A group of pregnant women and women with small children turn up. The show is completely sold out, and they say they know they can’t get tickets: but they want to form a circle of protection around Renata.
And that’s the pattern for the next few years. Incredible hatred; massive love. Sold out shows and standing ovations. The play becomes a symbol of resistance against censorship and LGBT oppression.
“This play has completely changed my life”. I hear this over and over again on my visits to Brazil. “This play has made my life so much better”.
It transforms people’s understandings of trans representation; allows for the emergence of many other trans performers; and changes Brazilian theatre for ever.
And it does not end there. And won’t, ever.
That production has been seen in every Brazilian city. It’s also been to Glasgow for the play’s tenth anniversary celebrations, to Belfast and Berlin, and to Cape Verde in Africa.
The play has been translated into Spanish and performed in Argentina and Uruguay; and translated into German and performed online in the lockdown.
It’s had huge success in Australia; the Norwegian translation will open in September; and the Icelandic some time after that.
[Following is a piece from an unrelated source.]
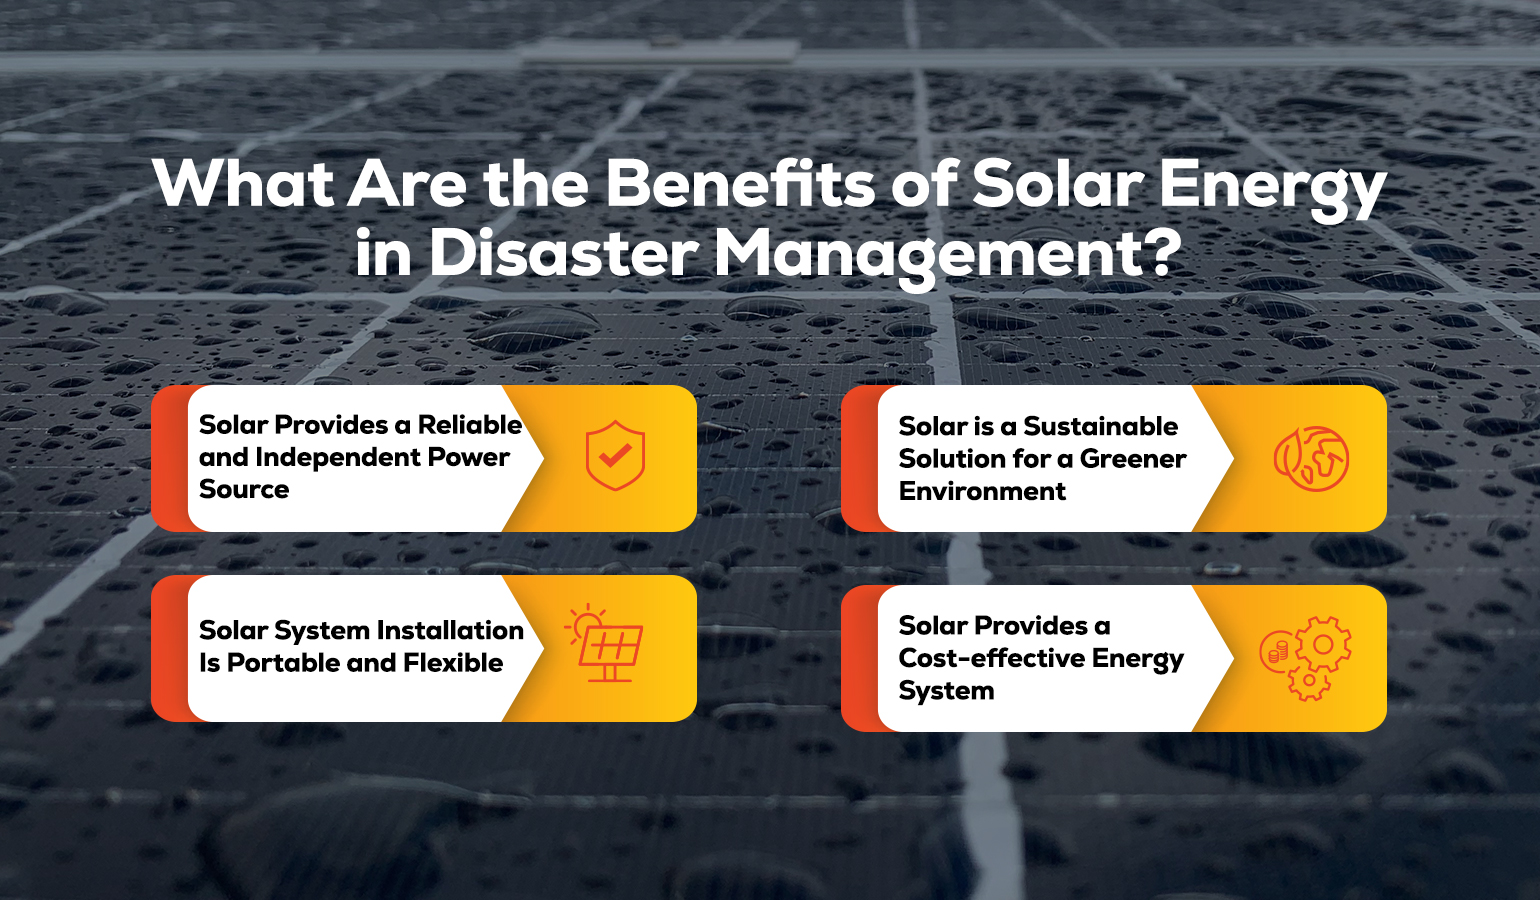 What Are the Benefits of Solar Energy in Disaster Management and Recovery? 
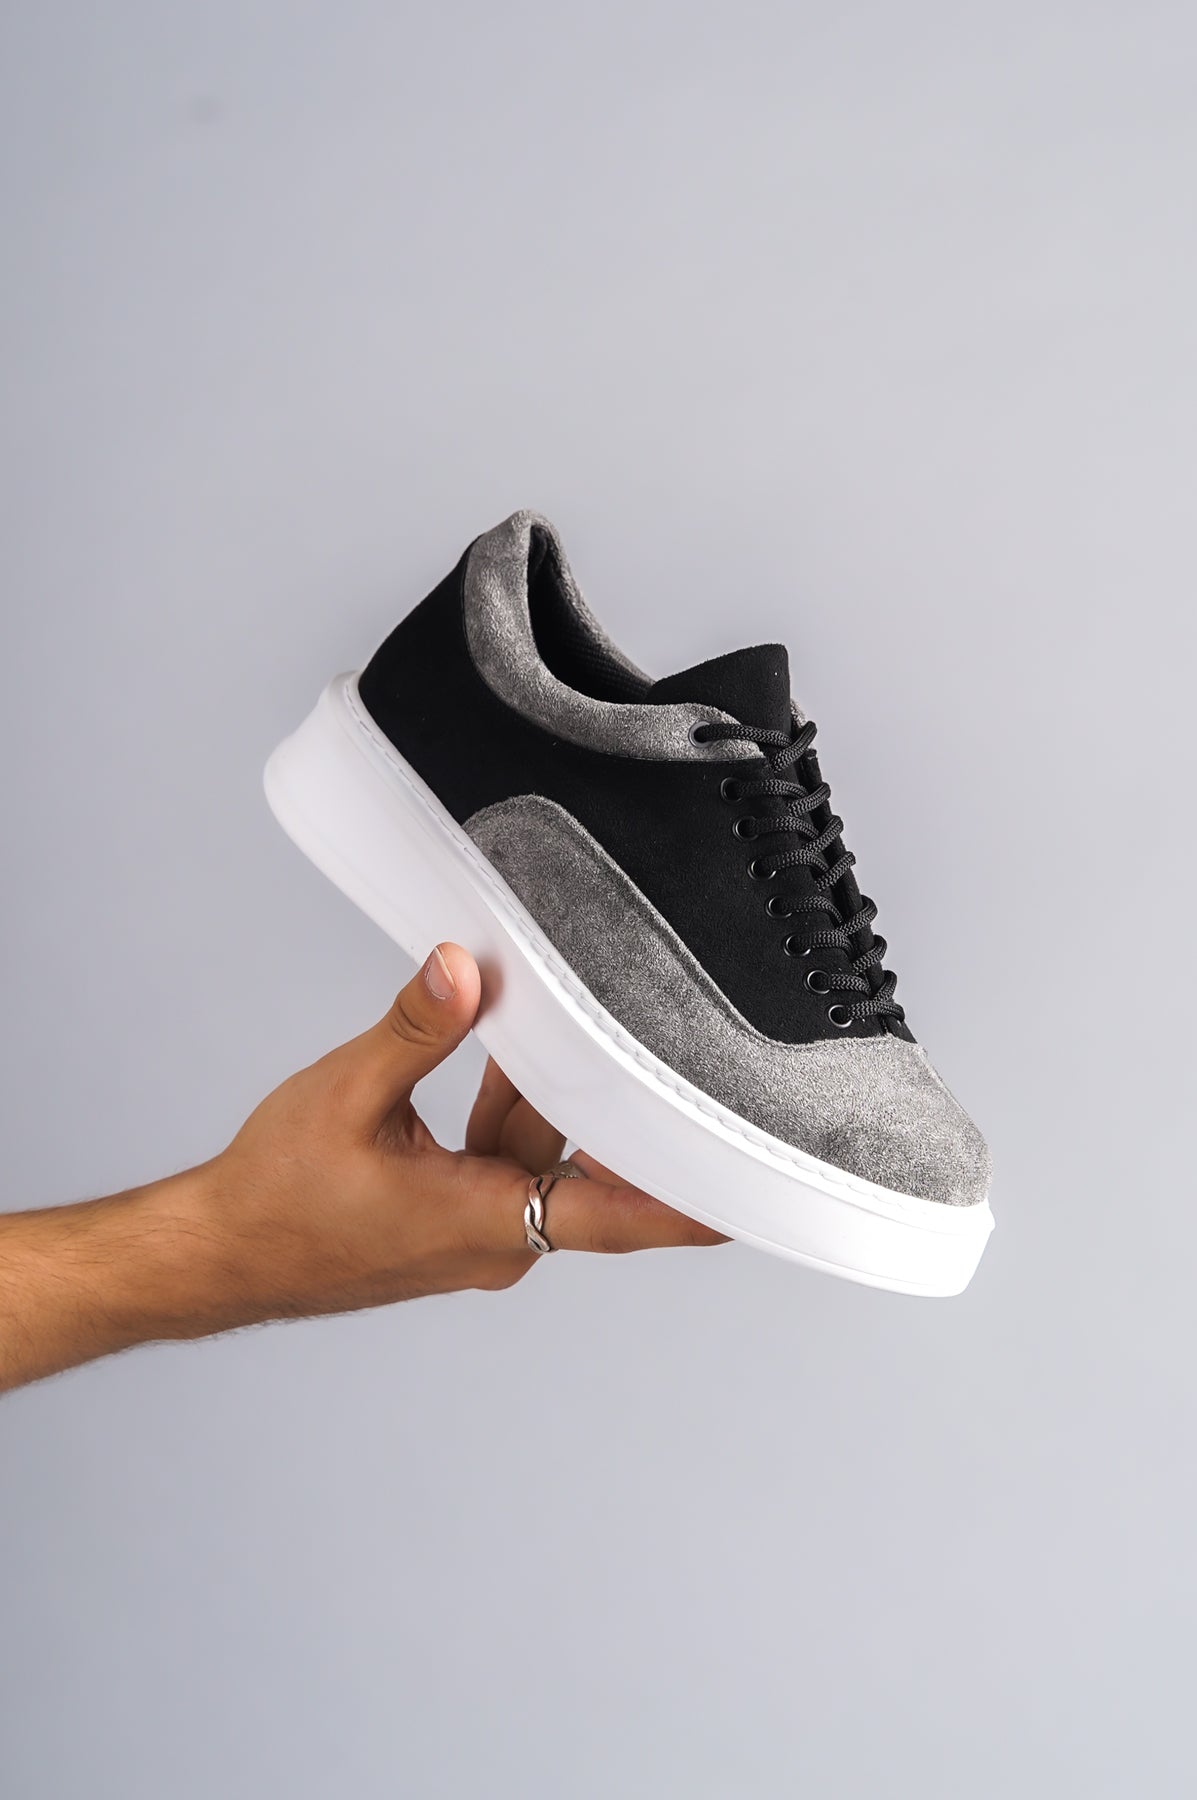 KB-005 Black Gray Suede Laced Casual Men's Sneakers Shoes - STREETMODE™

And then the Italian…
As for me, I’ve performed it in churches and pubs and hotels and cafes and community centres, and even sometimes in theatres. It’s been the Christmas show in the Traverse, we’ve celebrated its anniversary in the Tron, I’ve performed in Brussels and in the City of God favela in Rio de Janeiro.
We used it to broadcast words of comfort in the first lockdown, broadcast it live from Augustine United Church, and made the show the basis of live online transmissions from St Mary’s cathedral in Edinburgh.
And what enabled all this global activity to happen was a grant from Made In Scotland.
It’s a huge honour and delight to be part of the scheme again with THE NOT SO UGLY DUCKLING - A PLAY FOR GROWN-UPS.
I don’t think there’ll be massive demonstrations of outraged Hans Christian Anderson devotees, or that there’ll be truckloads of armed police turning up to try to stop the performance… but in its own quiet way, it is a revolutionary play too.
The moral of all this is: never underestimate the power of a well directed grant.
And never underestimate the power of a play to change the world…
https://www.queenjesusproductions.com
https://www.madeinscotlandshowcase.com
Wonderful Jo!
I've seen JQH several times, either as a whole or in part. I've read from it myself, and I even quoted from it in the dissertation for my theology degree!
One of my favourite lines is: 'For inside us we all have a light. and it's maybe the very thing that we have been taught to be most ashamed of.' That speaks so clearly to my own experience.
Thank you Jo! xx
So poignant Jo. Your play and others (such as those produced by the 7:84 theatre company at the Citizen’s theatre in Glasgow) have had an immeasurable impact on me; have given me inner strength when facing adversity.